The Metal API easily exposes this functionality, allowing you to set the storeAction of the depth buffer to 'don't care' value, meaning that it will not back up the resulting depth values into main memory.
The exception to this case is that you may need the depth buffer contents after rendering (i.e. for a deferred renderer or as a source for some algorithm that operates with depth values). In that case the hardware must ensure that the depth values are stored in the framebuffer for you tu use.
Tile-based deferred rendering — as the name clearly says — works on a tile-by-tile basis. Each portion of the screen is loaded into internal caches, processed and written out again. The hardware takes the list of triangles overlapping the current tile and the current depth values and from those comes up with a new set of colours and depths and then writes those all out again. So whereas a completely dumb GPU might do one read and one write to every relevant depth buffer value per triangle, the PowerVR will do one read and one write per batch of geometry, with the ray casting-style algorithm doing the rest in between.
It isn't really possible to implement OpenGL on a 'pure' tile-based deferred renderer because the depth buffer needs to be readable. It also generally isn't efficient to make the depth buffer write only because the colour buffer is readable at any time (either explicitly via glReadPixels or implicitly according to whenever you present the frame buffer as per your OS's mechanisms), meaning that the hardware may have to draw a scene, then draw more onto it.
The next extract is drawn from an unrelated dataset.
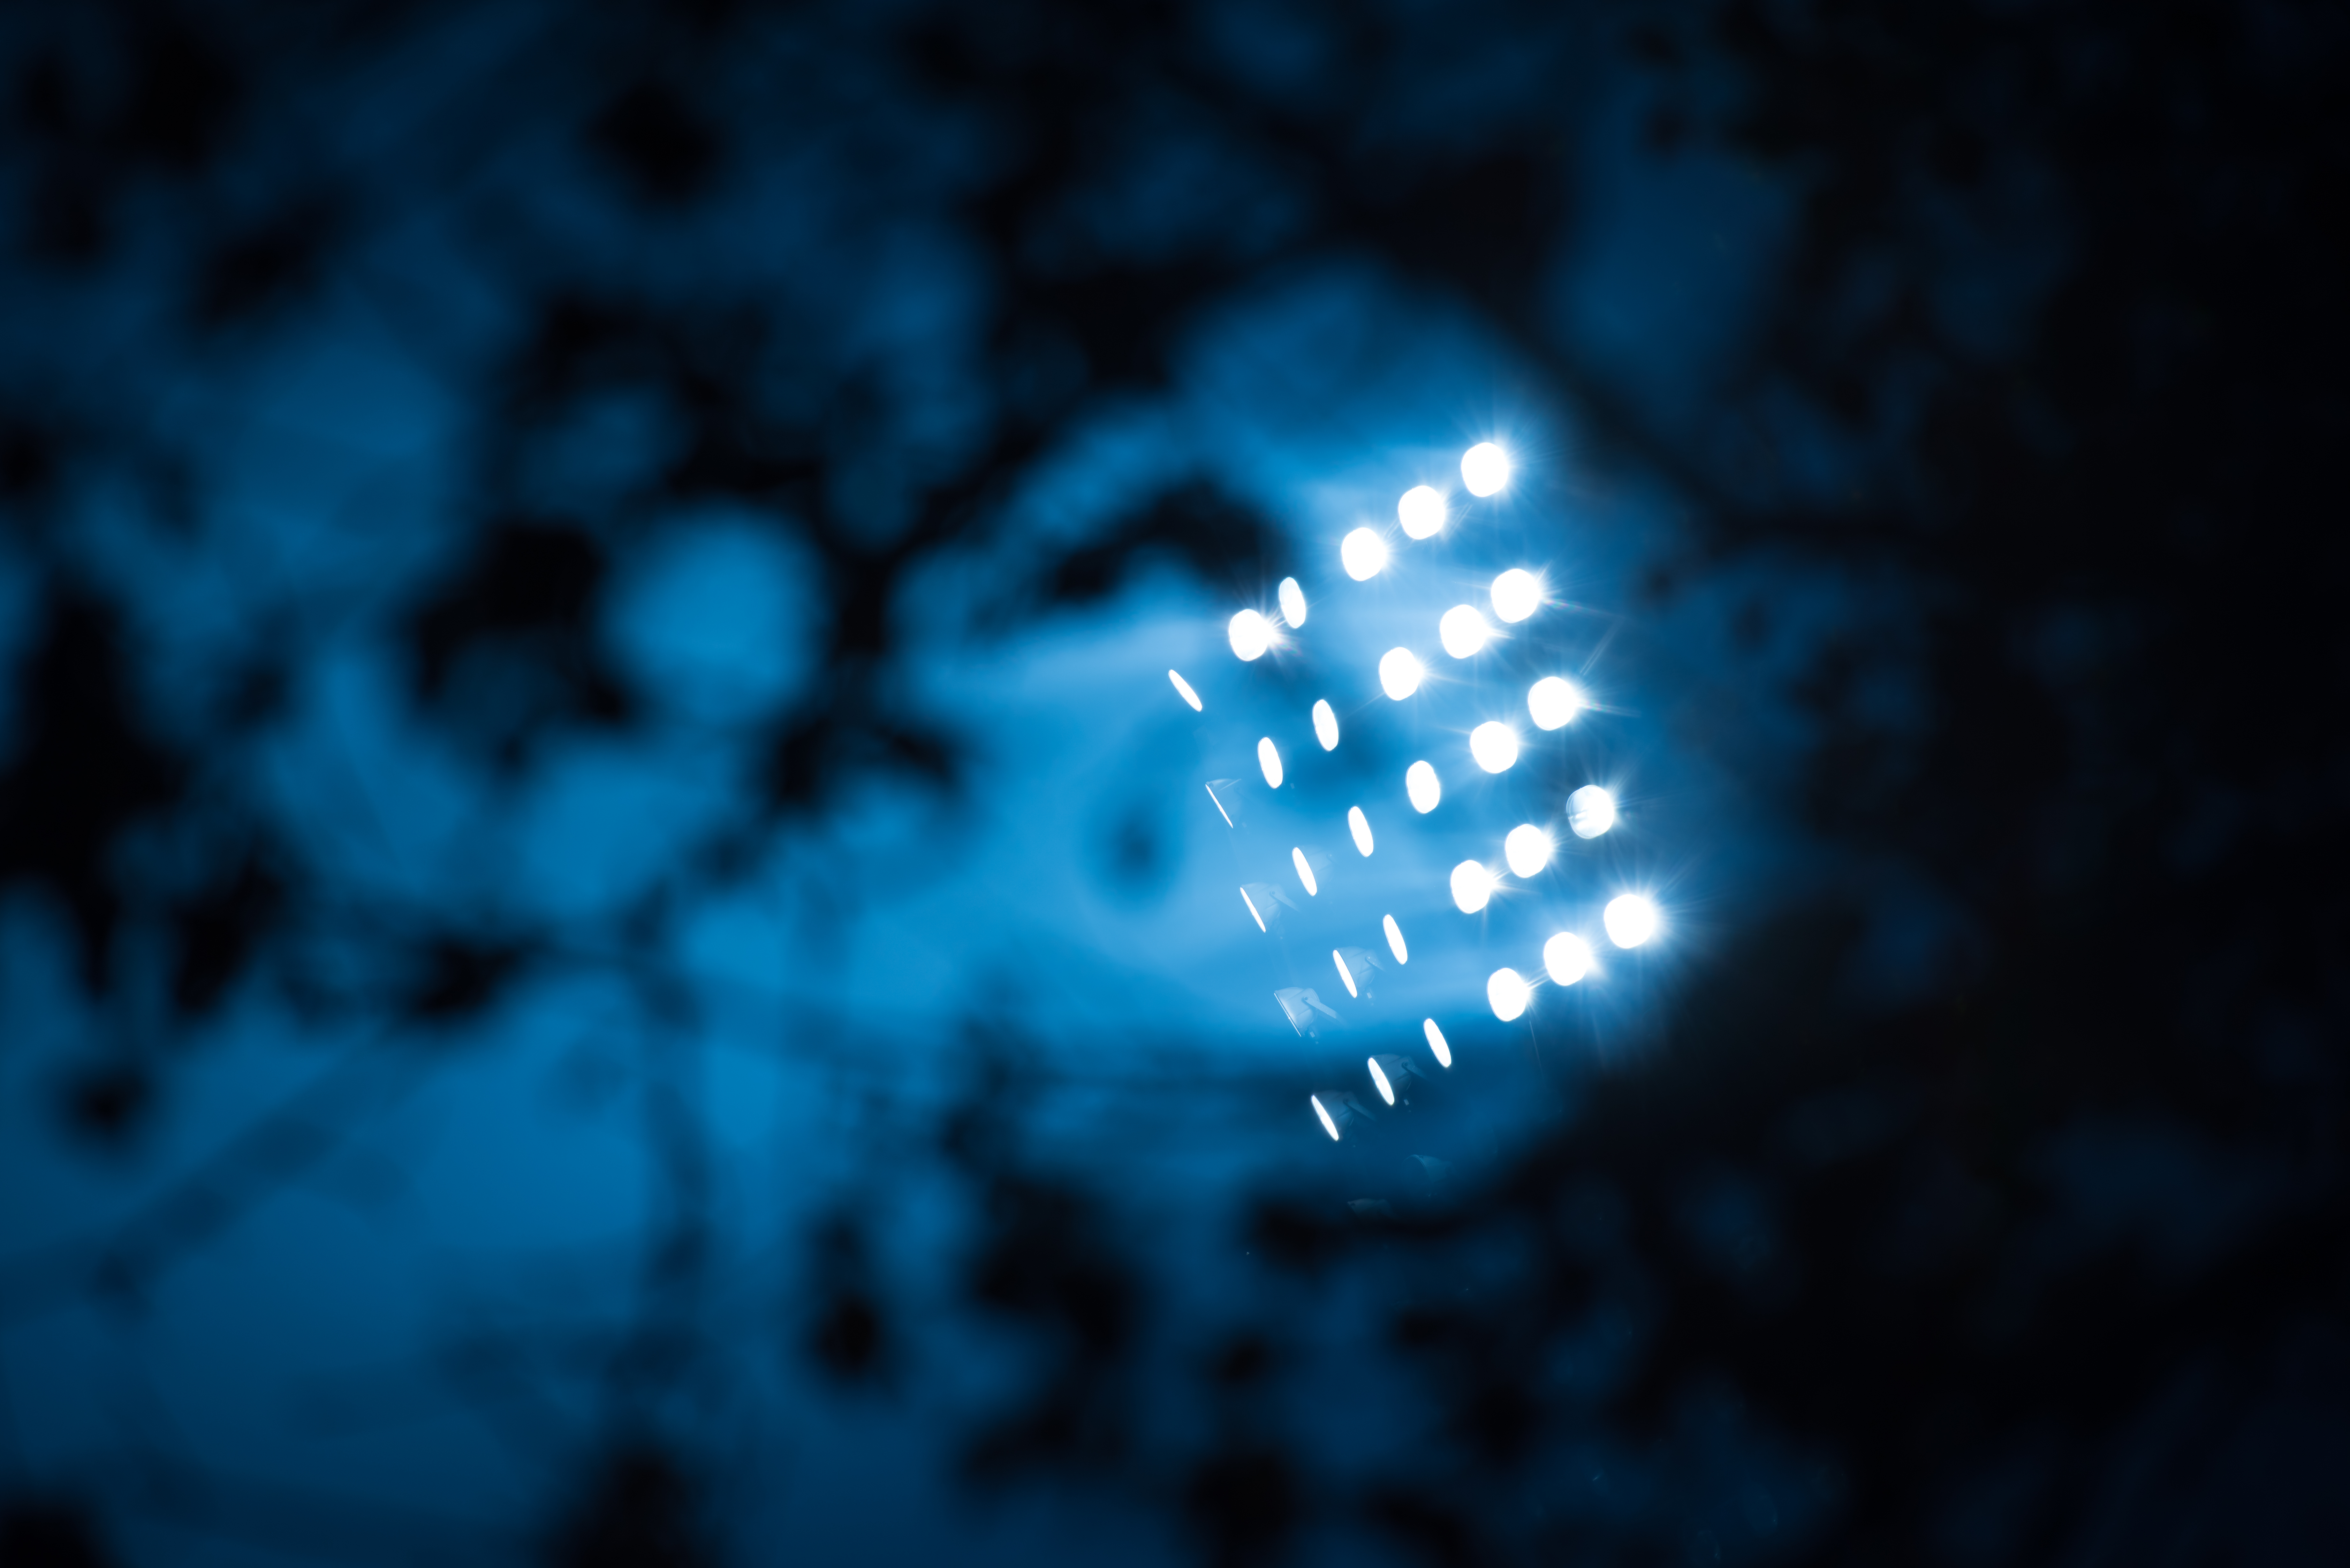 Storyblocks Soccer Stadium Lights Reflectors Against Black Background Sowm77 Igh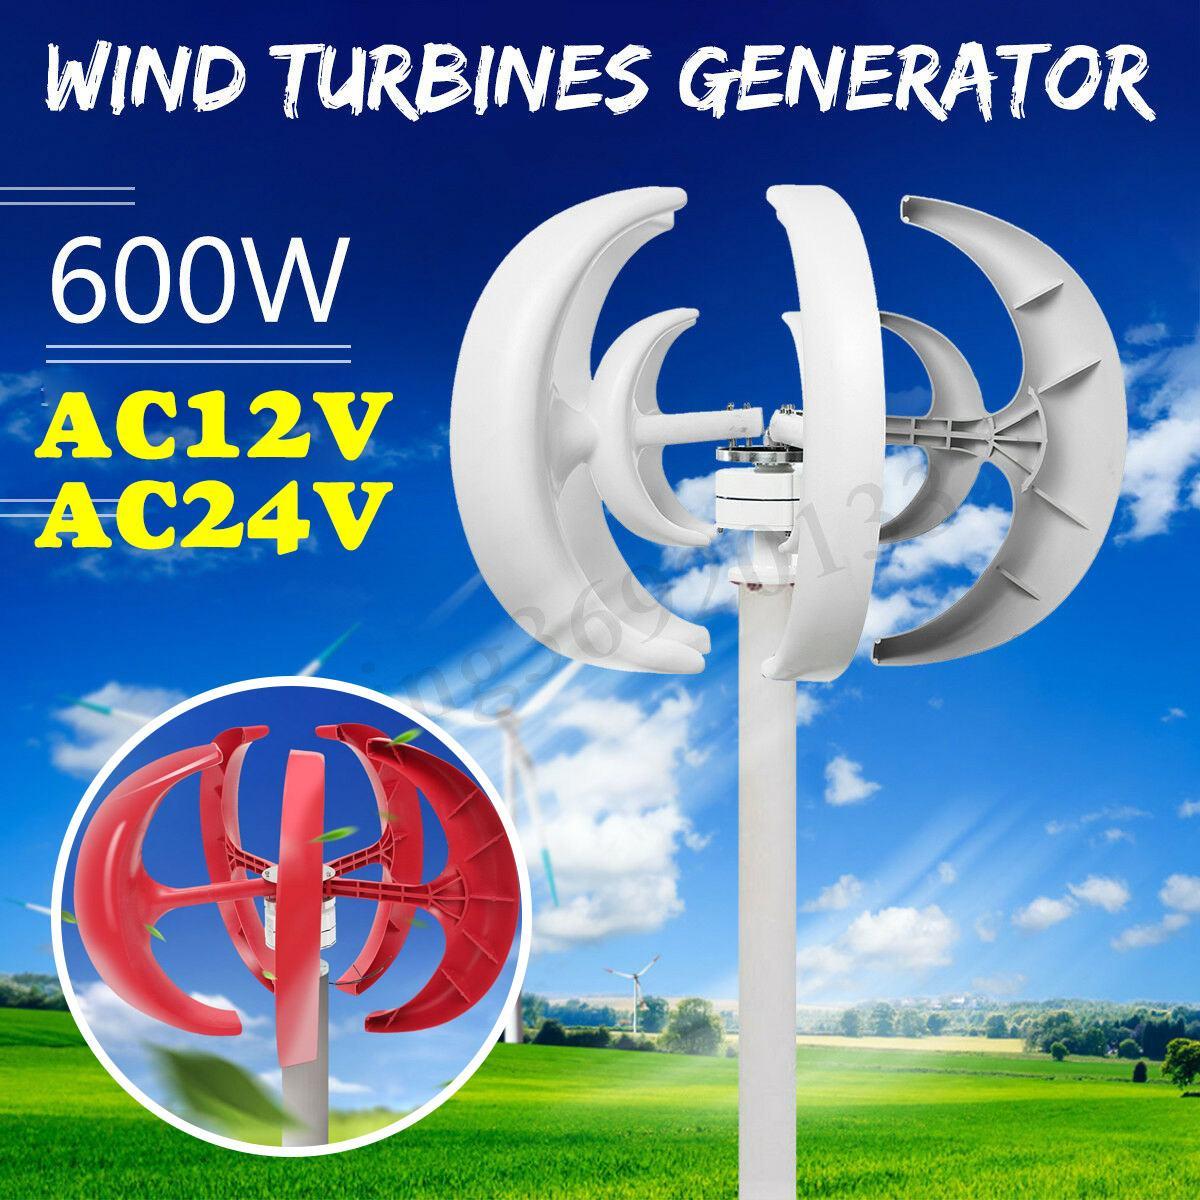 Max 600W 12V 24V VAWT 5  Vertical  Wind Turbines Generator  Lantern Type on AliExpress

PowerVR does use a depth buffer, but in a different way than a regular(Immediate Mode Rendering) GPU
The differed part of Tile-based differed rendering means that triangles for a give scene are first processed (shaded, transformed clipped, etc. ) and saved into an intermediate buffer. Only after the entire scene is processed the tiles are rendered one by one.
Having all the processed triangles in one buffer allows the hardware to perform hidden surface removal - removing the triangles that will end up being hidden/overdrawn by other triangles. This significantly reduces the number of rendered triangles, resulting in improved performance and reduced power consumption.
Hidden surface removal typically uses something called a Tab Buffer as well as a depth buffer. (Both are small on-chip memories as they store a tile at a time)
Not sure why you're saying that PowerVR doesn't use a depth buffer. My guess is that it is just a "marketing" way of saying that there is not need to perform expensive writes and reads from system memory in order to perform depth test.
Just to add to Tommy's answer: the primary benefits of tile based differed rendering are:
Since fragments are processed a tile at a time all color/depth/stencil buffer read and writes are performed from a fast on-chip memory. While the color buffer still has to be read/written to system memory ones per tile, in many cases the depth and stencil buffers need to be written to system memory only if it is required for later use(like your user case). System memory traffic is a significant source of power consumption... so you can see how it reduced power consumption.
Differed rendering enables hidden surface removal. Less rendered triangles means less fragments processing, means less texture memory access.